I hate to say it. I hate to even think it because thoughts become words become reality. I hate to say things that would hurt the people I love or once loved, and you fall into both categories, and this would hurt you. But it’s true. So I’ll say it to myself, here, where no one has to see. And no one will get hurt.
R——, you were holding me back. I could never live my life as fully as I desired, not my writing, not my music, nor my sport, nor my work, you kept me from my passions with your incessant pleas for time and attention and affection.

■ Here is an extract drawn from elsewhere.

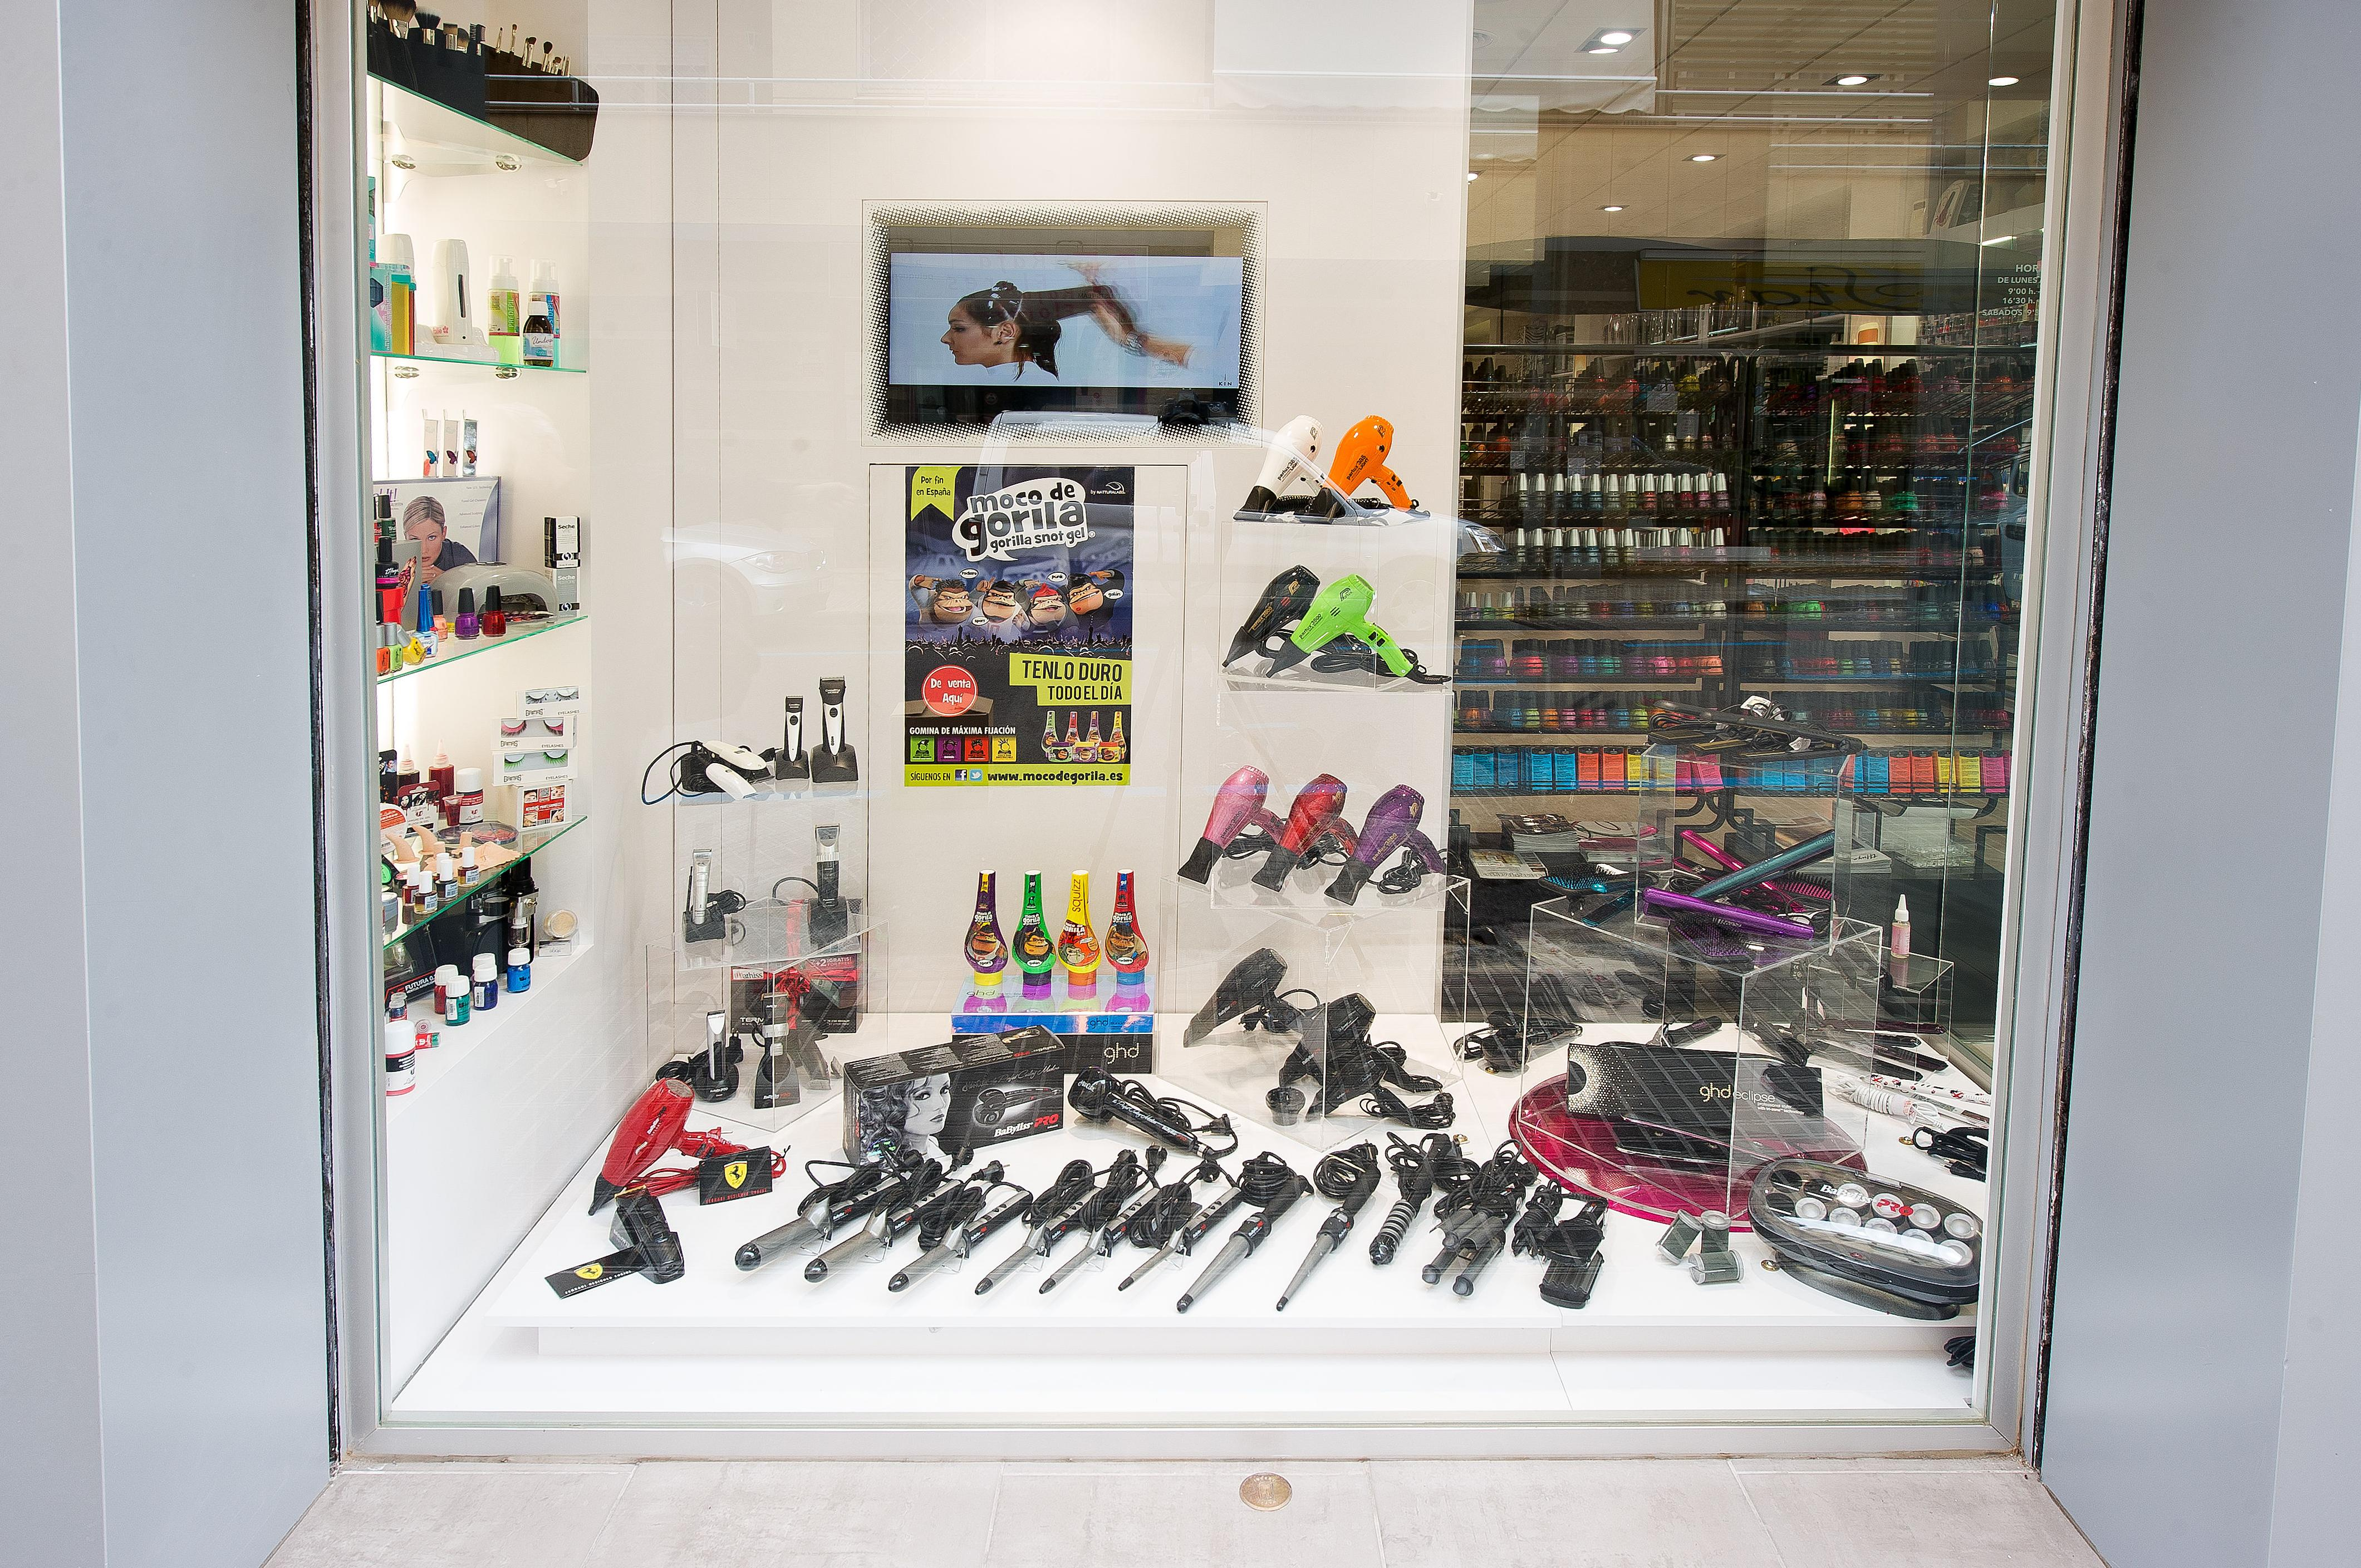 Foto 12 de Suministros para peluquerías y estética  en Ibiza | Mathiss

You kept me from becoming more than I was, perhaps, in part, because you knew if I flew too high I would spot lush green fields and soft, running streams of water, I would stop for a sip and become entranced by a field of flowers, their shapes and colors and aromas, the flowers in the field where I’d land, and I would fall under their spell and fall asleep, and when I woke, it would be dark and I would choose to spend the night.

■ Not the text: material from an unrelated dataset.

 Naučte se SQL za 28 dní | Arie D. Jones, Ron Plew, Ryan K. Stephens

“I’ll fly back to R—— in the morning,” I’d think. But in the morning the light of the sun would glance off forests and mountains in the distance, and the flowers would whisper of deserts and oceans, and I would take just a peek! over the horizon and catch sight of beauties indescribable, they would suck me in and absorb me, and quickly, all too quickly, I would forget I had a sunflower at home, a bright, cheerful, lonely little thing, abandoned forever.
That’s what you thought would happen if I flew. So I clipped my wings for you.




Wow this was very earnest and heartfelt. Beautiful.